Thanks for all your replies/ideas!!


----------



## MsBien (Apr 13, 2009)

I make an oatmeal & honey soap that smells good enough to eat!


----------



## Lindy (Apr 13, 2009)

Me too on the OMH - in fact at Christmas my 1 year old great niece did eat some of the soap I sent to them - when they put it up she kept finding it and eating more - put a whole new spin to washing your mouth out with soap!


----------



## SimplyE (Apr 14, 2009)

Lindy said:
			
		

> Me too on the OMH - in fact at Christmas my 1 year old great niece did eat some of the soap I sent to them - when they put it up she kept finding it and eating more - put a whole new spin to washing your mouth out with soap!



Wish I had that stuff, instead of Dial...BLAH!  I can still taste it!


----------



## orangeblossom (Nov 7, 2010)

I know this is an old thread, but as I was researching spirulina on here, it came up for me.

I do this mostly. 

I find that buying bulk herbs is the key to make it affordable.  If you can find a group of folks who want to go in and buy herbs from frontier herbs or mountain rose herbs, or seek out your local indian grocery store (for spices) or grow your own, or friend local gardeners who will let you harvest some of there herbs in exchange for soap later.  I do all of the above.

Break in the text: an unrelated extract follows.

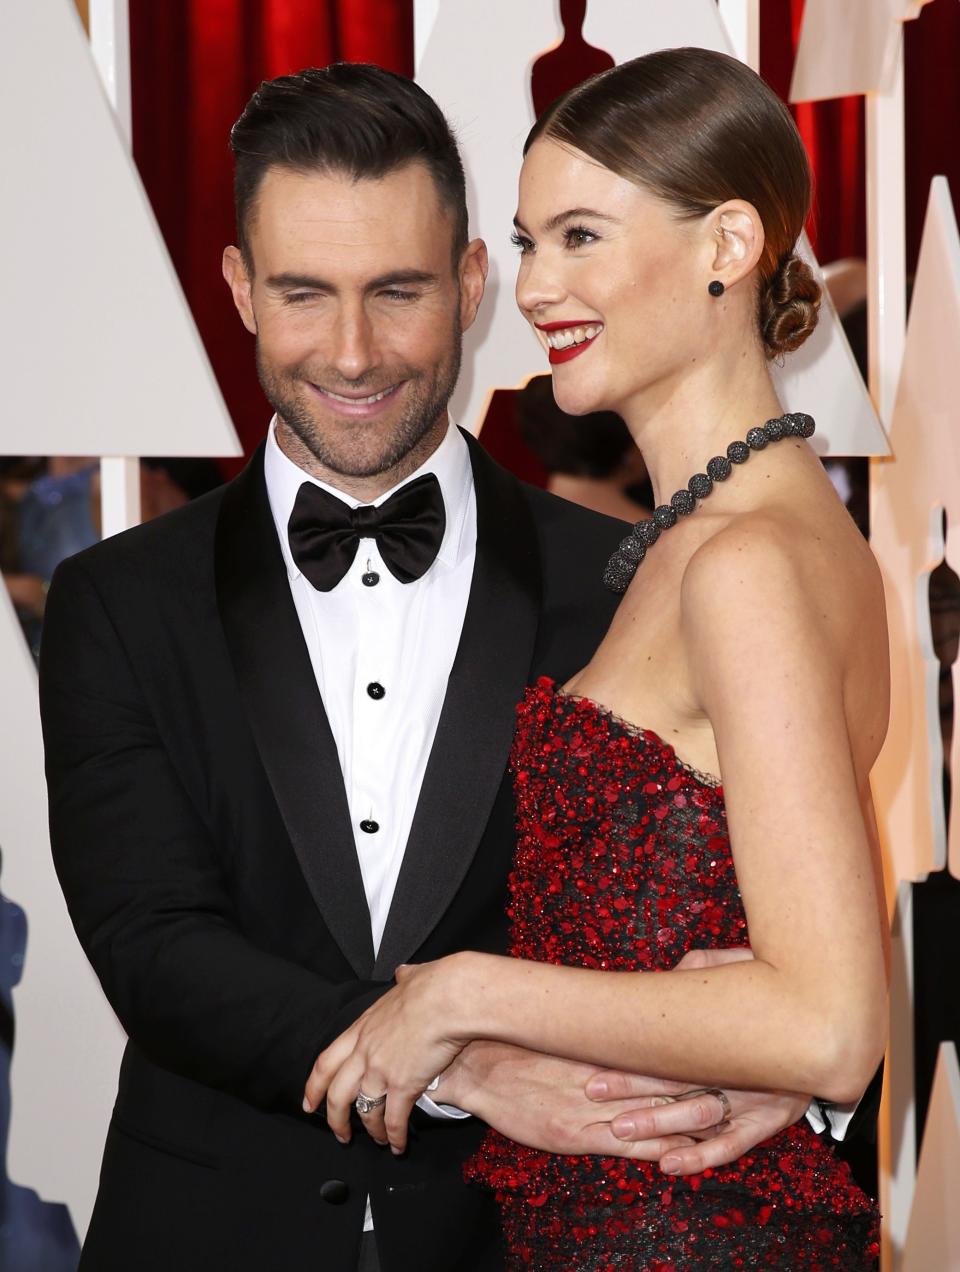 Singer Adam Levine and his wife Behati Prinsloo arrive at the 87th Academy Awards in Hollywood, California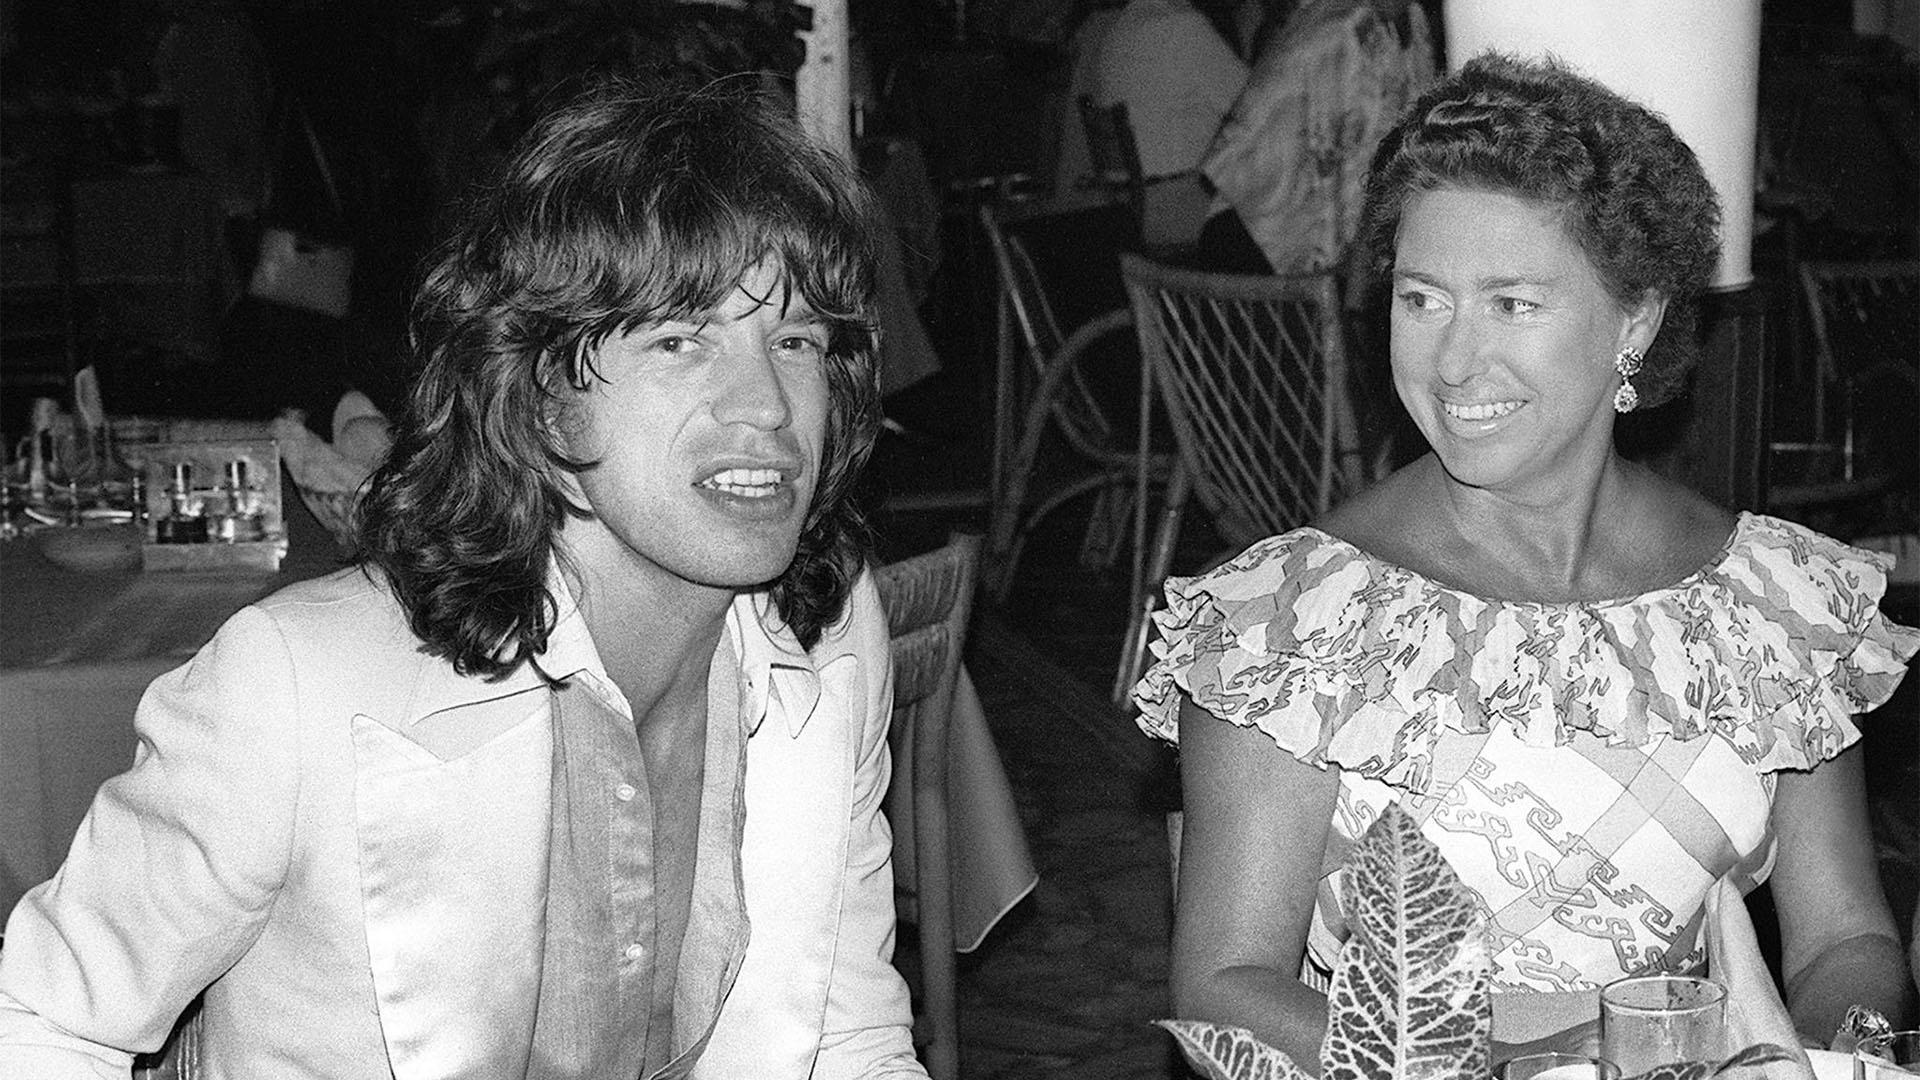 Princess Margaret and Mick Jagger in a bar on the island of Mustique.

Yes, it makes a more mildly scented soap.  Very mild, and a lot of people want a more mild scented soap.  It will never "compete" with EOs or FOs.  It's a different ball game.

I have had a lot of success with infusing and double infusing the following:
chamomile flowers
lavender flowers
rosemary
cloves
nutmeg
allspice
cardamom
(the spices blended together are my favorite!)
dried peppermint does not do much,--i want to try fresh mint (both peppermint and spearmint)
dried spearmint was okay--perhaps a double infusion would be better

I just did a LOT of fresh basil, that I let dry for a day or two, so it was wilted, but not dry and crackly--and added it to coconut oil in my crock pot and turned it on warm off and on for a week.  My soap is now 10 days old and smells wonderfully-basil-y.  I will report back after 4 weeks or more.
i have had little success with orange peels, but I want to try this again doing a double infusion.

also, i no longer use palm oil, so i use more olive oil per batch, and therefore more scent per batch.  And I started infusing coconut oil for 100% coconut oil soaps and for the rest of the oil make up for the olive-oil/coconut-oil bars.  I do this in the crock pot or in my oven, which has a pilot light and stay around 90/100 degrees.

and i agree with honey and oameal honey and milk.  both smell yummy.

i'd love to hear of you are experimenting with this!

ETA:
what didn't leave a scent:
dried hibiscus
cocoa powder infused olive oil
vanilla beans (unless you use dozens, which isn't cost effective)
lightly dried marigolds (not calendula, but that too doesn't leave a scent)


----------



## jadiebugs1 (Nov 7, 2010)

Thanks for bumpin this....very interesting (read, whole lots more ideas to try!)


----------